Indeed, ということ works to summarise up. 思ったより難しいな..I feel like that I opened the Pandora's box. You're not wrong. Give me a time more. But my opinion hasn't changed yet that it's redundant.


----------



## karlalou

Yeah, many of us Japanese like those redundant like ということ a lot.


----------



## John_Doe

Thank you all for your help.


----------



## spu001

Both of 'というお話' and 'ということ' function as 'he/she/they said' and hint that a sentence just before 'というお話/こと' isn't a writer/speaker's own idea, that is to say, you can quote other people's words without Japanese quotation marks「_kagikakko_(鍵括弧)」by adding 'というお話/こと' after a quoted sentence. both of _kagikakko _and 'というお話/こと,' however, don't cast doubt on quoted sentences like double quotations in English, rather, they just HINT that a speaker wasn't involved in decision making and tries to be objective toward it.
In this case, we see two quoted sentences: "10 年前に出版された...別に機能語の辞典を作りたい" and "この企画では...翻訳をつける方針." as YangMuye explained, they may be interpreted as just a gist of other people's idea but in such a case we should say '英語、中国語、韓国語の翻訳をつける 方針*でしたので*' as Frequency wrote but this sentence can be inferred that the author was involved in the decision making, at least, one of discussions, on the other hand, when you use 'というお話/こと' you can stay objective toward the idea and it can be inferred that you weren't involved in the discussions or that, although you were there, you only had few moments to contribute to one of the discussions. after the author introduced the two ideas of the third person(in this case, it's アルク), at the end, he/she expresses his/her own view 'それならば日本語学習者の方々のお役に立つかもしれないと思い、作業に取り掛かることになりました' from his/her end.
All in all, 1. sentences with 'というお話/こと' may be considered 'gist' but they also work like indirect quotation when a speaker implicates that he/she is not in charge of explaining the gist.
2. 'というお話' and 'ということ' are interchangeable but the latter sounds more impersonal since 'こと' means literally 'thing.' you can go further by using 'とのこと' in  place of 'ということ.' whereas 'お話' sounds polite and could sound ironic just for the record, but irony has nothing to do with this context.
so 'こと' is not redundant. it refers to the clause "この企画では、英語、中国語、韓国語の翻訳をつける 方針."

hope this helps.
Spu


----------



## frequency

YangMuye said:


> The author is summarizing the gist of the talk.
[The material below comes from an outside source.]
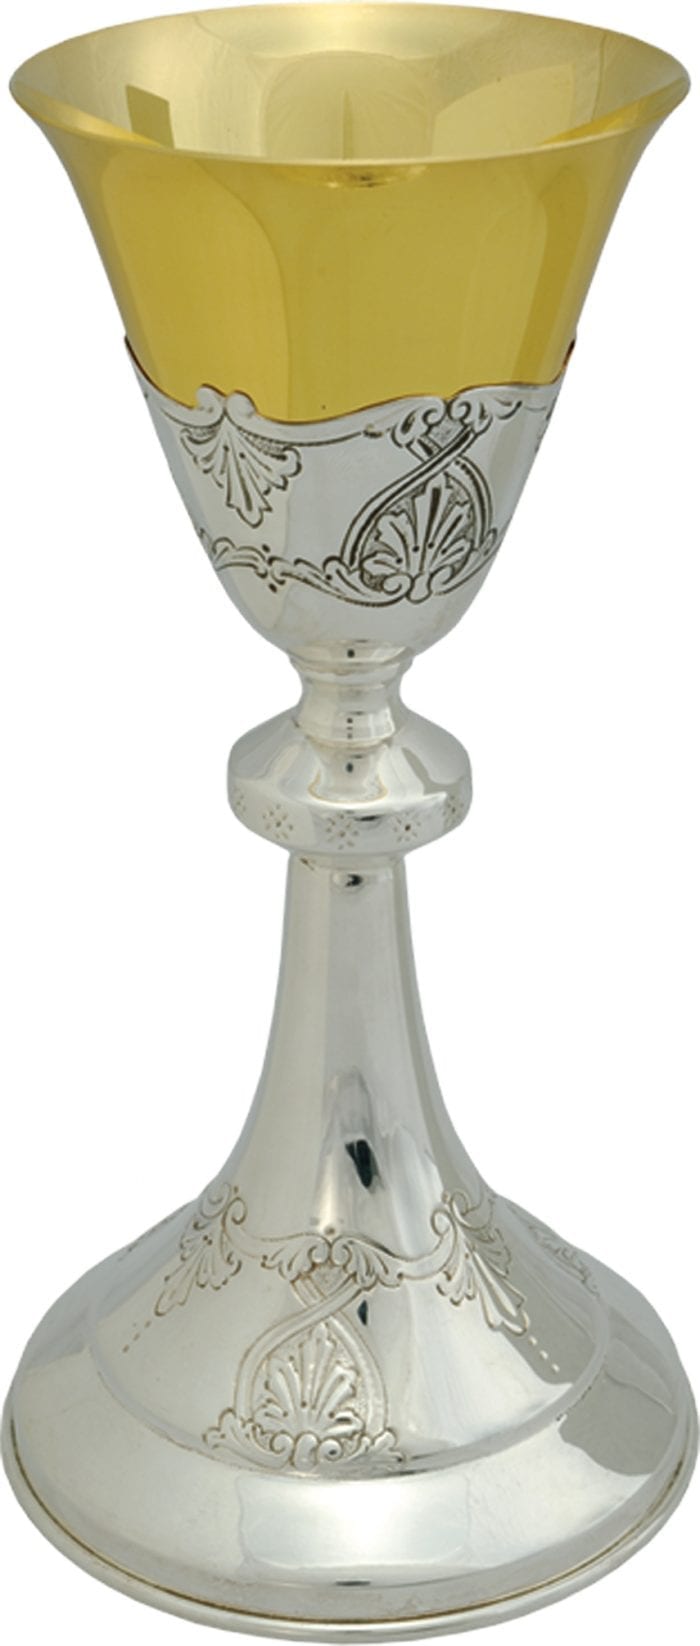 Glass "Giglio" Maranatha Lab classic silver style with hand chiseled gold cup interior with floral decorations

YangMuye speaks to your friend:
先生がお昼を持って来なさいということだったよ。 You're roughly summarising up what the teacher said. You need to summarise because you're messaging to your friend. Yes this may include 'What I heard is that..'. But note that they are not very equal to each other, though. And this is also a loose connector linking to the tense だった.

In the John_Doe's case, this is obviously a case of redundancy because the writer has to _clearly_ mention that 'We had the direction' when they (that party) have the direction. Saying 'We heard that~' 'It seems that~' when stating the direction? And that is a message to readers; this is a good example of redundancy made by a poor writer.


----------



## Wishfull

Hi,
IMHO,

『この企画では、英語、中国語、韓国語の翻訳をつける 方針*ということでしたので*、』
と
『この企画では、英語、中国語、韓国語の翻訳をつける 方針*でしたので*、』
の意味は違うと思います。

『～ということでしたので』というのは、ヒトからの伝聞であることを意味しており、編集者や出版社から*そのように聞いた、*という意味です。

～という＋*こと*＋でした＋ので　is a set phrase.
その＋*様*＋に＋聞いた is another set phrase.

こと and 様 are nouns that are indicating the previous content.

こと＝方針（この企画では、英語、中国語、韓国語の翻訳をつける 方針）


----------



## frequency

ああほんとだ。この方針は向こうさんの方針だったね。じゃあYangMuyeの先生のケースでいいんだ。ごめん！


----------



## spu001

From its apparent form it may be mistaken for a summary of the "message" but it doesn't necessarily have to be concise so as to be plausible since, when you stick to  'というお話/こと clause,' backing a validity of quoted sentences is the last thing on your mind, let alone championing your own opinion with a little help from it, rather, you just pass on information to readers/listeners and you couldn't care less about its validity like a mailman.
Also, 'こと' is nowhere near 'loose connector,' though you can throw a superfluous insertion into a set phrase, that is, "方針(みたい/よう)でしたので," in this instance inserted words are quite superfluous and if they are recognized as 'loose connectors' it will make very good sense but the speculation that 'こと' is such a thing is out of the question. on top of that, even if you are told that you must prepare lunch yourself by a teacher you may disagree with him/her and, even if you think that's not a good idea, you should pass on information to your friends from your end, nevertheless you can stay unemotional and objective toward teacher's order by using 'というお話/こと clause.' but if you agree with teacher's idea the sentence "先生がお昼を持って来なさいということだったよ" sounds unenthusiastic doesn't it? friends never think that you are happy with that news. the things is,  'というお話/こと clause' is accompanied by blank facial expressions.
All things considered, "10年前に出版された...別に機能語の辞典を作りたい*というお話*" and "この企画では...方針*ということでしたので*" are not messages, just other people's ideas. the message is "それならば...作業に取り掛かることになりました." and 'というお話/こと' must be used to imply that the author is not responsible to the two quoted sentences. let's not challenge a conventional style like it saying "good example of redundancy made by a poor writer."


----------